In March, USDA announced $6 billion in available funds through Pandemic Assistance to support a number of new programs or to modify existing efforts. The additional aid announced June 15 is planned for implementation within 60 days, "which will continue to be focused on filling gaps in previous rounds of assistance and helping beginning, socially disadvantaged and small and medium sized producers that need support most," the statement said.
"We are pleased to see $700 million in emergency relief for biofuel producers included in today's USDA announcement, and we are happy to hear USDA intends to administer the aid in the next 60 days," said Geoff Cooper, CEO of the Renewable Fuels Association.
"This assistance comes at a critical time, as ethanol producers are still struggling to recover from COVID-related market losses and are now facing historically high feedstock costs" Cooper said. "Many plants remain offline or are operating at reduced output rates.

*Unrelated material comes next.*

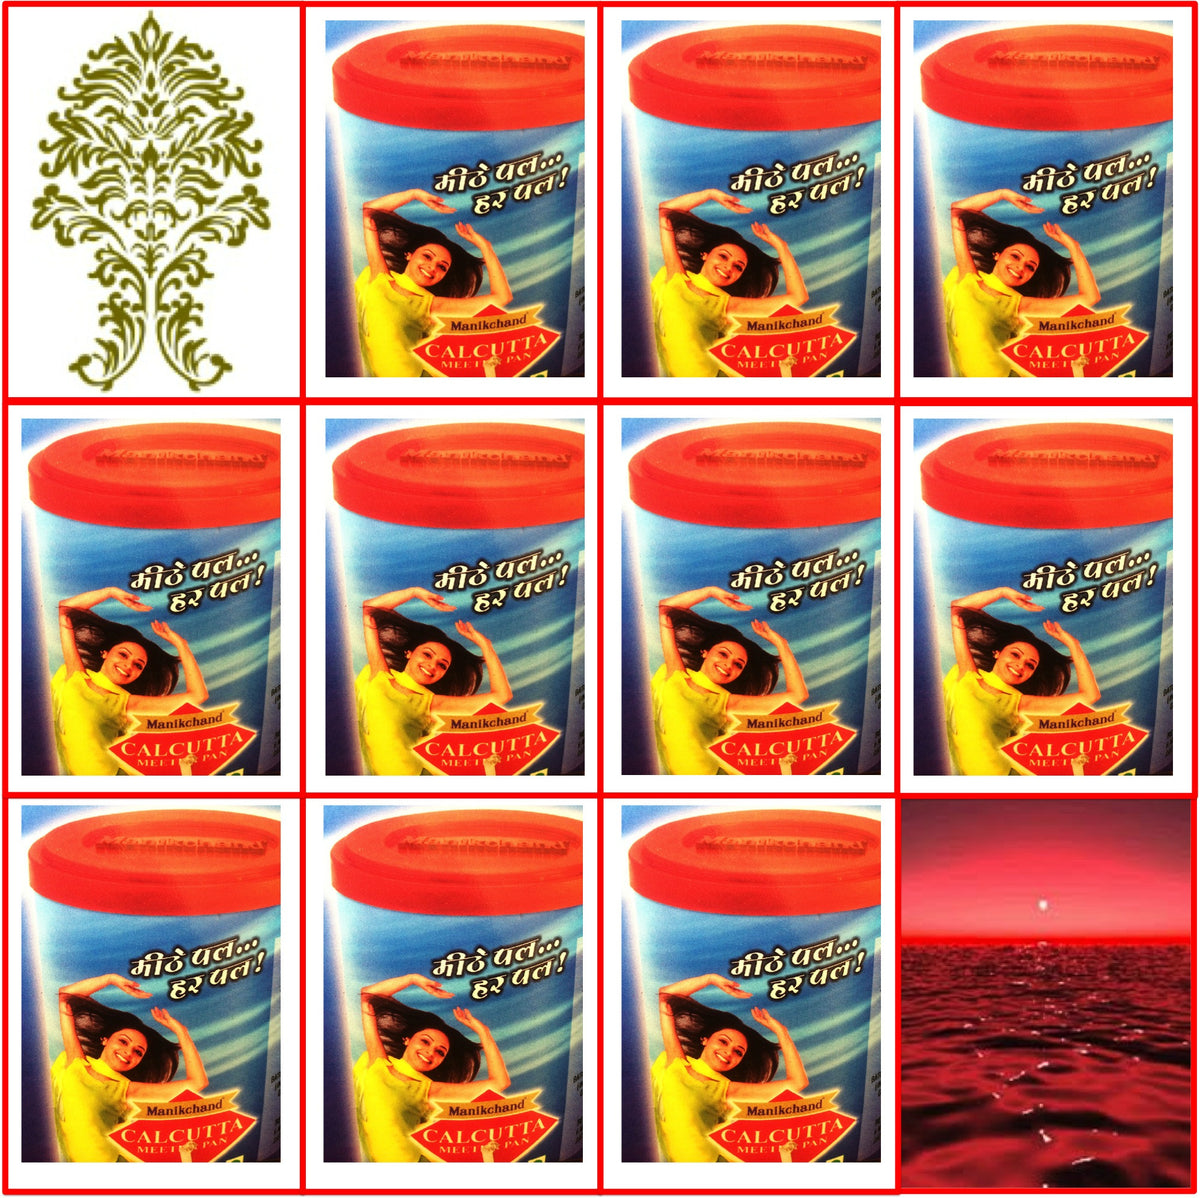 10 Cans 100g RMD Calcutta Meetha Pan Export Quality Fresh

We look forward to receiving additional details on the program from USDA and we are eager to work with the department to ensure smooth and successful implementation."
Apportionment not clear
It was not clear how the monies would be distributed among the different segments of the renewable fuel industry as "no disbursement details have been provided at this point," according to the RFA.
After the announcement, ethanol prices in Houston and New York ticked higher by about 1 cent, assessed at $2.4825/gal and $2.4675/gal by Platts on June 15. Chicago prices softened by about 1 cent to $2.356/gal.
During the pandemic, ethanol demand and prices fell in tandem with gasoline demand and prices, due to the lockdowns in 2020 which cut personal mobility.
According to Energy Information Administration data, ethanol production fell to 537,000 b/d in April 2020, about half of the 1.134 million b/d of ethanol-making capacity. Most recent EIA data showed that production averaged 1.067 million b/d for the week ended June 4.
Under the US Renewable Fuel Standard, gasoline sold in the countryis required have a minimum of 10% of ethanol blended into it.
The June 15 announcement gave corn prices a lift, with CBOT front month corn settling at $6.675/bu on June 15, up from the day earlier settle of $6.5925/bu.
However, biodiesel prices weakened, with Chicago and Houston prices falling to $4.9275/gal on June 15, from $5.1965 on June 14.
Sustainable aviation fuel and renewable diesel prices showed the most strength, with RD prices without credits rising over 40% from 42.861 cents/gal on June 14 to 76.684 on June 15. SAF prices with no credits gained over 25% day on day, to $1.2103/gal on June 15 from 88.67 cents/gal on June 14, according to Platts assessments.